Notre dernier éditorial tentait d’anticiper sur une prise de position officielle de l’Église de France à propos de la crise grave que traverse en ce moment notre pays. Mais, sans doute, fallait-il un temps de réflexion pour que nos évêques mesurent exactement les causes de la crise et les effets de son développement. Depuis une semaine, la plupart d’entre eux ont réagi, parfois collectivement comme les évêques de Normandie, le plus souvent personnellement. On note bien sûr la déclaration de Mgr Georges Pontier, en tant que président de la Conférence des évêques de France, qui donne le ton général correspondant à la sensibilité de notre épiscopat. L’archevêque de Marseille met l’accent sur « un déficit d’écoute et de dialogue dans notre pays, des ruptures et des incompréhensions que vivent beaucoup de nos concitoyens, une méfiance croissante dans toute institution et la perte de confiance dans les corps intermédiaires ». On n’est pas étonné d’une insistance particulière sur la recherche du bien commun, qui ne va pas sans dialogues courageux et constructifs.
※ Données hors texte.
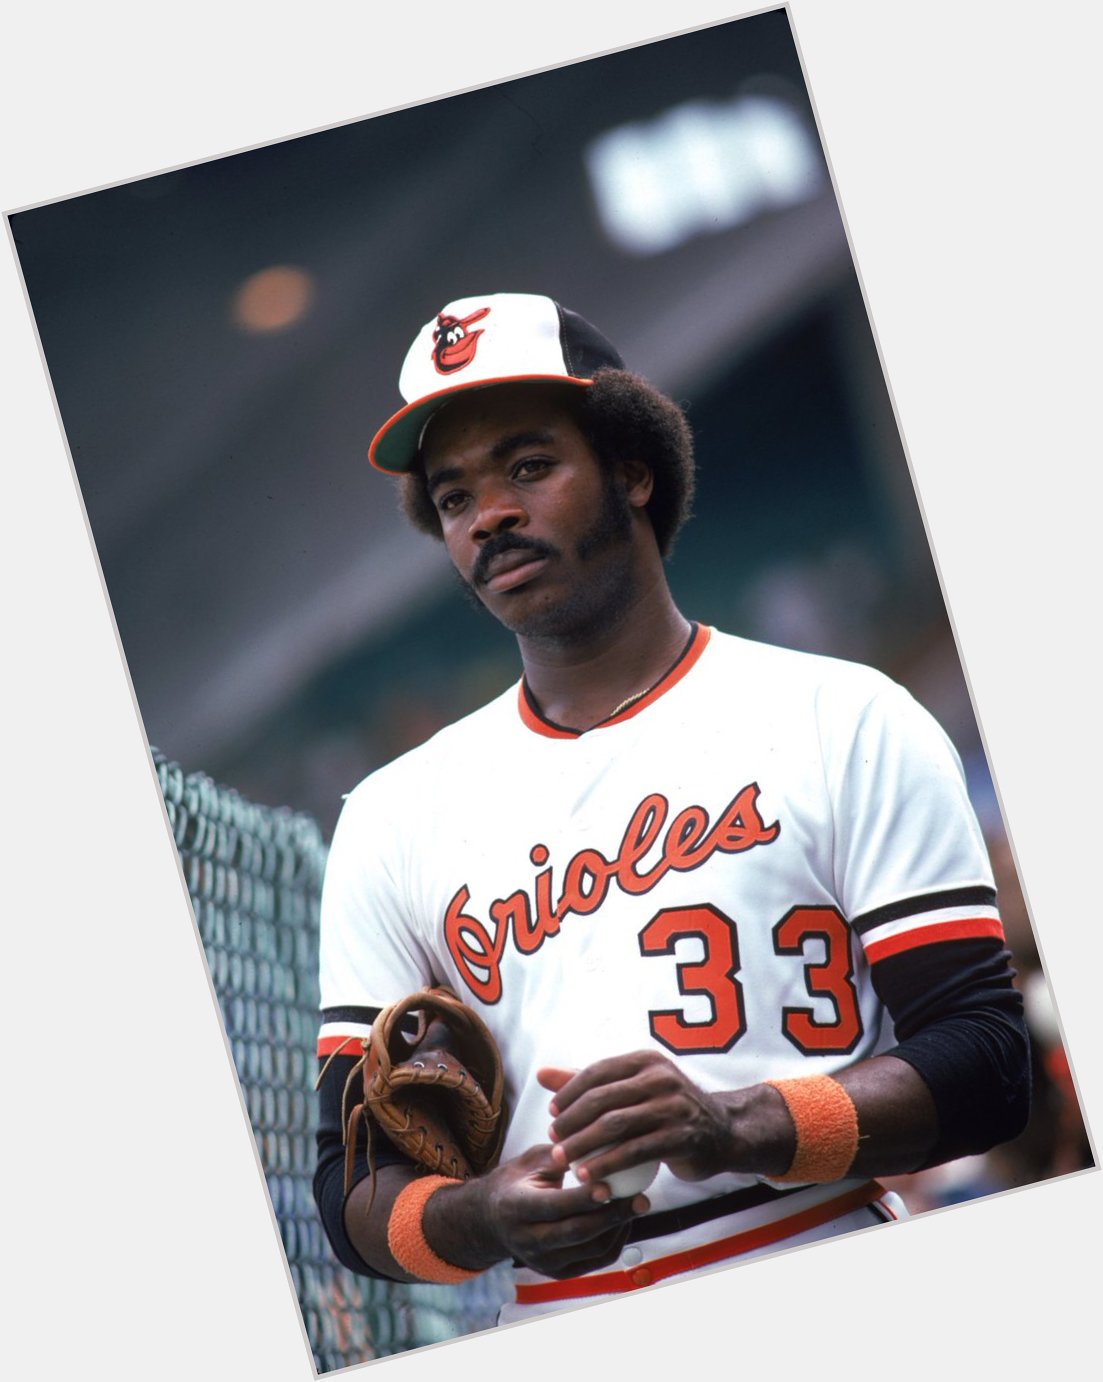 Happy birthday to the great Eddie Murray

Précisément, cette recherche du bien commun implique la prise en compte de toutes les données de la situation de crise, sans oublier le face-à-face des citoyens et de l’État, avec ce qu’il comporte de distance critique. L’intervention de Mgr Michel Aupetit, archevêque de la capitale, met particulièrement en évidence cette dimension : « Comme archevêque de Paris, je comprends la peine de ceux qui manifestent pacifiquement et luttent pour conserver une vie digne. Je dénonce la violence scandaleuse de ceux qui en profitent pour saccager notre ville, je salue le courage des services de police et de gendarmerie et je m’unis au souci de nos gouvernants qui cherchent des réponses à la crise. » Ainsi, personne n’est oublié, avec le contraste des responsabilités qui reviennent aux uns et aux autres. La reconnaissance du bien-fondé des revendications ne saurait aller sans respect pour l’autorité qui assume la redoutable charge de résoudre la crise. Ce n’est qu’en adoptant un point de vue supérieur de bienveillance que l’Église peut apporter son éclairage propre dans un moment crucial de la vie nationale.
Les interventions des évêques ne peuvent que se distinguer également par le recours à ce que la parole de Dieu apporte à la compréhension des relations humaines : « Pour être frères, affirme encore Mgr Aupetit, encore faut-il une paternité commune. La conscience de Dieu le Père qui nous apprend à “nous aimer les uns les autres” a façonné la face de la France. L’oubli de Dieu nous laisse déboussolés et enfermés dans l’individualisme et le chacun pour soi. » Ce rappel de la source de la fraternité humaine a pu indisposer quelques-uns. Il n’empêche qu’il est essentiel à l’approfondissement du mystère de notre condition et de notre appartenance à une même humanité, dans son unité et ses complémentarités.